Hacker News new | ask | show | jobs
by projectramo 2786 days ago
Hi mlucy,

I agree with what you're saying here. I just wonder how it would work in practice.

So imagine I have this monster text or image, and I want to know if it looks like another text or image.

I send each to Basilica, it gives me back two vectors and I compare the vectors.

I use the cosine of the vectors as a similarity score, and lets say it comes out to be 0.6.

However, I think this is too low, and I want to tweak my algorithm.

At this point, doesn't the question of how the vector was generated come to the front. Did you get rid of common words, how did you treat stems, and so on? Or did what biases did you introduce into training?

Furthermore, these questions come up right away, and they seem fundamental to whatever the main practice is.

In other words, can I even experiment or start without knowing how the word2vec works?

1 comments

You're definitely right that you sometimes need to know the exact details of how an embedding is produced, especially if you're doing cutting-edge work. That's one of the things we really need to improve documentation-wise. I'd like to have a page for each embedding that talks about how it's generated, what to watch out for while working with it, etc. etc.

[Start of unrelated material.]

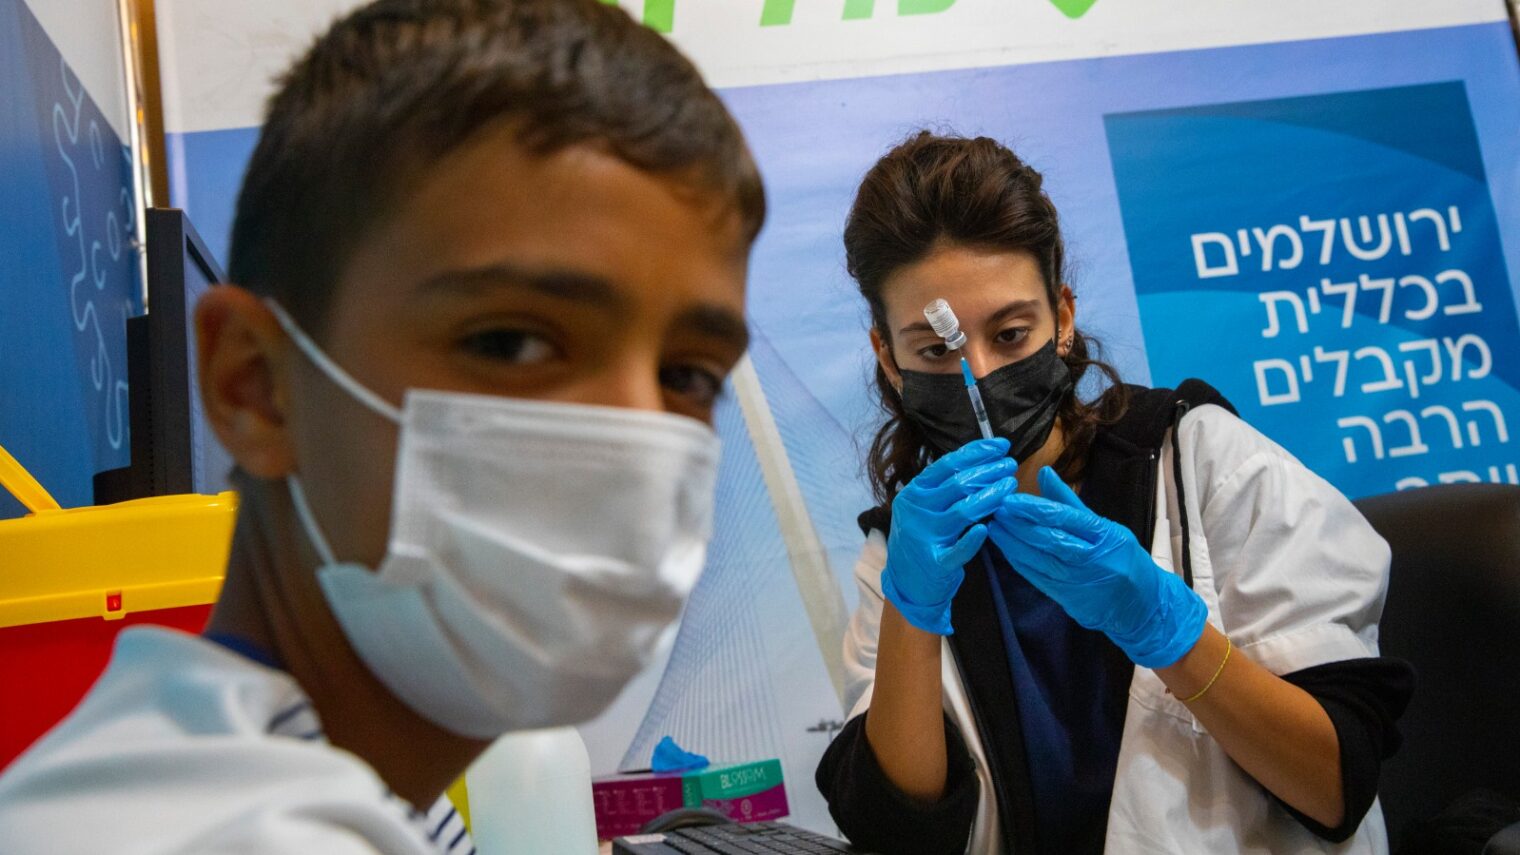 An Israeli boy receiving the Covid-19 vaccine in Jerusalem on September 20, 2021. Photo by Olivier Fitoussi/Flash90

I'm going to narrow in on the question of how to go about tweaking a model that uses an embedding, since I think it's a really interesting topic.

To use your first example, let's say you're doing the image similarity task. You probably wouldn't be computing the cosine distance on the embeddings directly. You'd probably normalize and then do PCA to reduce the number of dimensions to 200 or so.

If you weren't getting good results, you'd have a few options. You could fiddle with the normalization and PCA steps, which can have a big effect. You could also include other handcrafted features alongside the embedding. But let's say you have a fundamental problem, like your similarity score is paying too much attention to the background of your images rather than the foreground.

There are two major approaches to solving that sort of problem with embeddings: preprocessing or postprocessing. You could preprocess the images before embedding them to de-emphasize the backgrounds (e.g. by cropping more tightly to what you care about). You could also postprocess the embeddings. For example, you could label which of your images have similar backgrounds, and instead of naive PCA you could extract components that maximally explain variance while having minimal predictive power for background.

I definitely agree you should add more documentation to how the word vector model(s) is generated. Also you may want to have a set of models that the user can choose from. For example, Wikipedia is good for a general language use case. But something more technical, such as finance, SEC filings are a better data source.